I think part of the issue is that there are many more people with Fibromyalgia than CFS, so docs see a lot of it, and are willing to treat it because they see it often. I find that around here, too, there are people being diagnosed with FM that don't have it (my immunologist, internist and physical therapist are all finding that as well, and finding it increasingly frustrating, as they need to rediagnose people with other illnesses, and then get in the middle with patients who are unhappy and confused), so it seems to be a common thing that doctors see, so every doc thinks they know what it is (hence people diagnosing it incorrectly).

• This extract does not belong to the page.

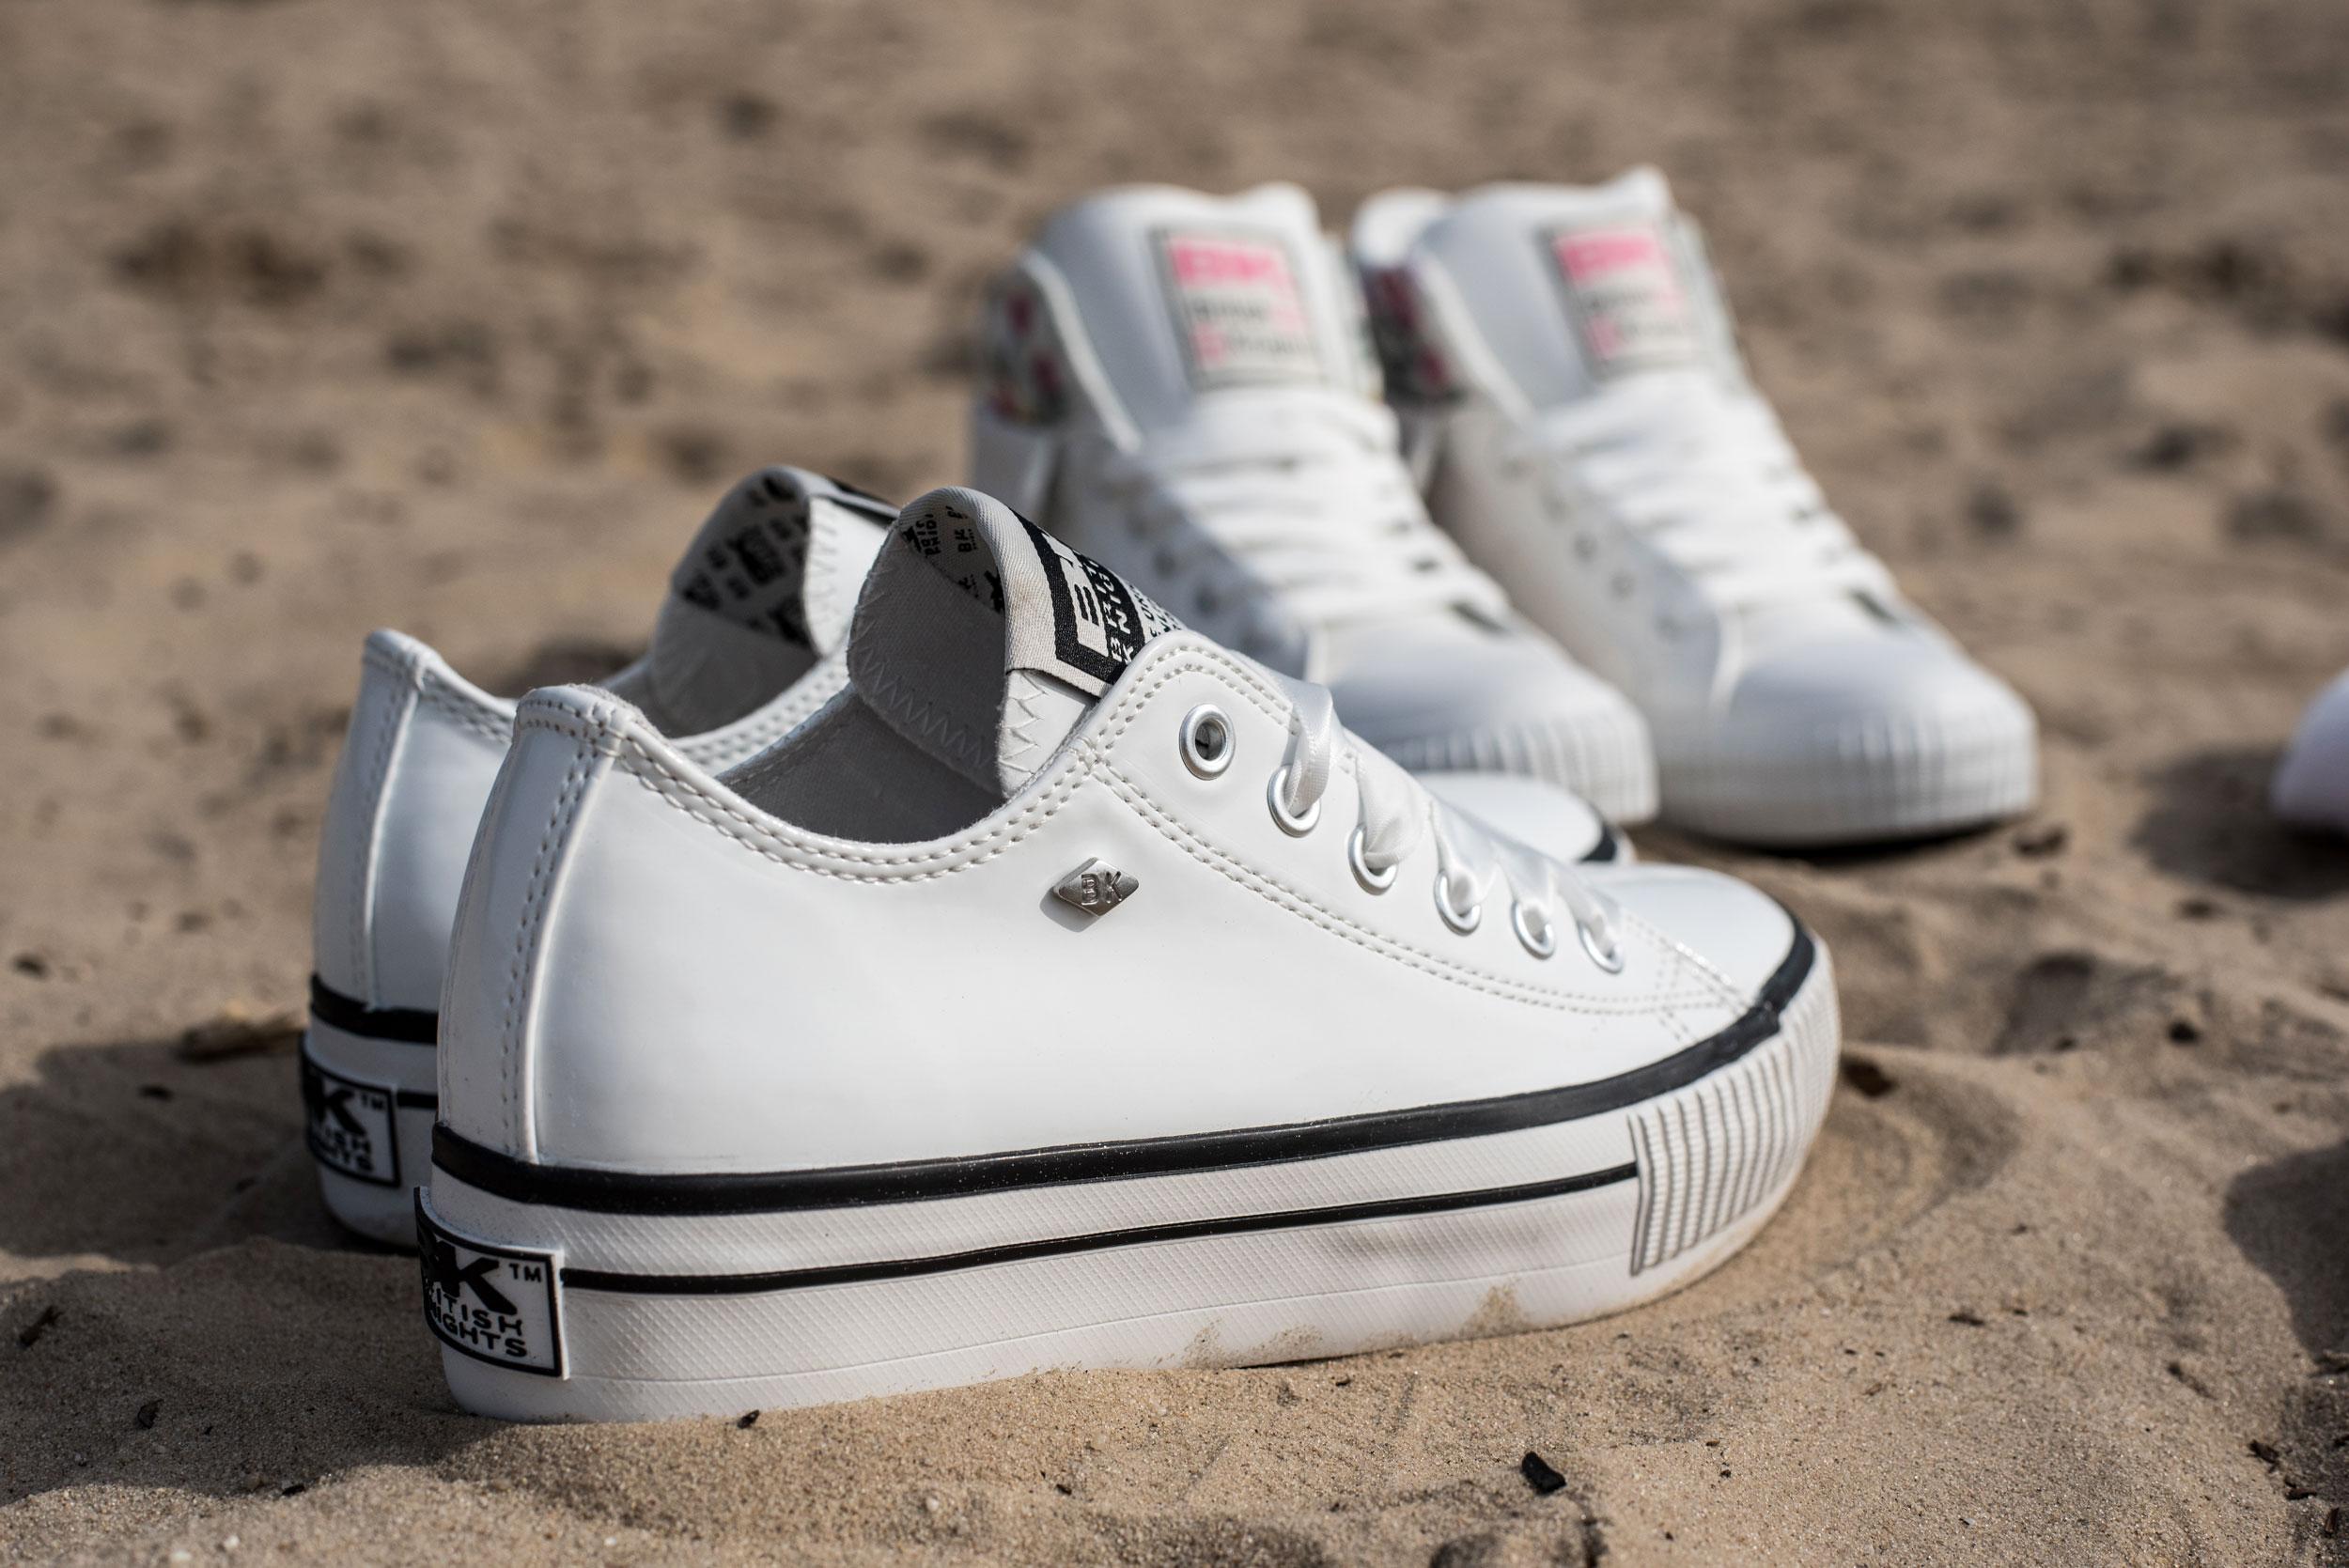 White shoes - British Knights MASTER PLATFORM

I also think that doctors don't want to see CFS patients because there are no drugs that they can give them, so they feel helpless. And a lot of the rheumatologists and neurologists I've seen feel that CFS is not a real diagnosis, since there is no test -- they all believed I was sick, they just weren't willing to accept my diagnosis as CFS, and looked for something else (diagnosed with mitochondrial dysfunction by one, which was good enough for me, since he actually helped me). "CFS is not a real diagnosis," they say.
On finding a CFS specialist, at one of the major hospitals here, their Rheumatology department says that most of their doctors treat CFS, but some expressly say they will not treat CFS patients (those are docs who treated CFS patients for years -- I guess they just got worn out). Even the two doctors I go to who are knowlegable about CFS and accept it and know what it means and is, don't bring me new ideas for treatment -- I bring ideas and research to them (and my opthamologist, whose wife has CFS). Then they share those with their other patients. It's the way of the world with CFS everywhere, I think. I'm blessed to have my immunologist who is there for me, sometimes with weekly calls if I'm going through a crisis, and hour long appointments. I feel blessed for that.